Welcome to the endtimes, Michael. Welcome to The End.
No. No. Please please please, no.
Michael rushed from the tunnel, his hand a burning pulse, out across the never-ending
lobby and into the street, where he saw the Hummer. He had one shining moment, before
he spotted the deflated jack-o’-lantern balloon on its roof and realized that it was
Jopek’s Hummer, not Rulon’s.
Michael’d had to wait in the tunnel in the bank, to
cower
, making sure the Rapture’s silence wasn’t a trick.
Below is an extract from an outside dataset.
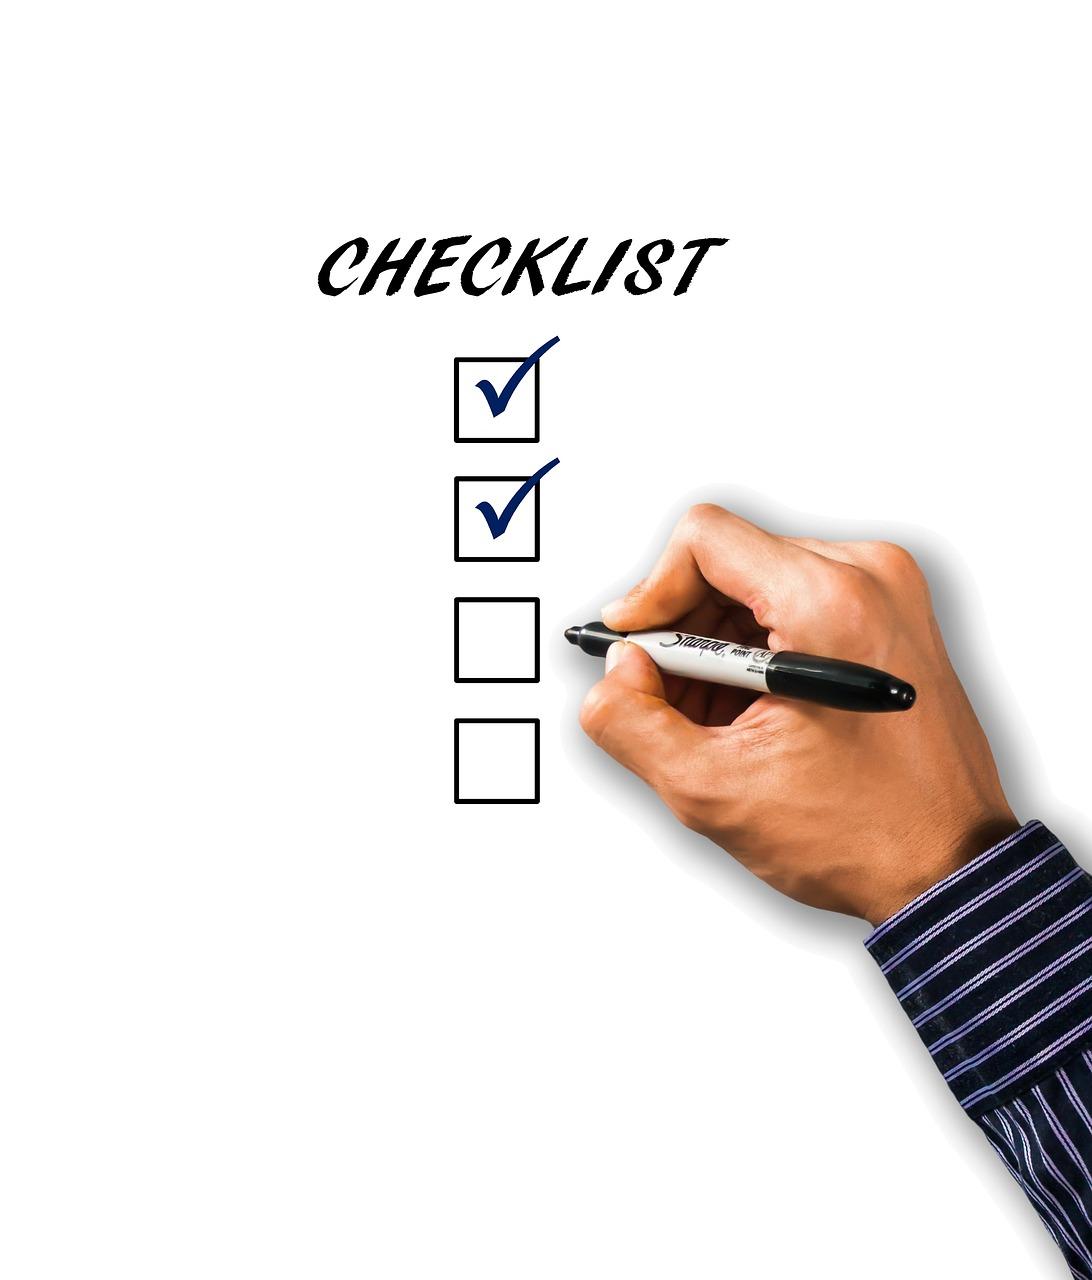 checklist-1919292_1280

He’d dashed out the moment he
heard the motorcycles and Hummers revving.
But the Rapture—and Patrick—were gone. The only moving thing out here in the street
was the snow falling from the black sky.
Run, run, as fast as you can,
a voice growled in his head.
You can’t catch him, he’s the God-fearin’ man
.
Michael dashed farther out in the street, straddling the yellow double line.
Skyscrapers choked out the rising moon, and snow muted the little remaining light.
The air carried the thin stink of motor exhaust.
He whirled, throwing his gaze to the west, past the colossal tail of the jetliner.
Patches of purple in the darkness: cars, lampposts, buildings. The world totally motionless
except for the storm, as if the world had transformed into some nightmarish snow-globe
in which Michael was suffocatingly sealed.
He screamed out, “Bub!”
No reply. And he did not see any taillights.
You can’t catch him, he’s the game-endin’ man!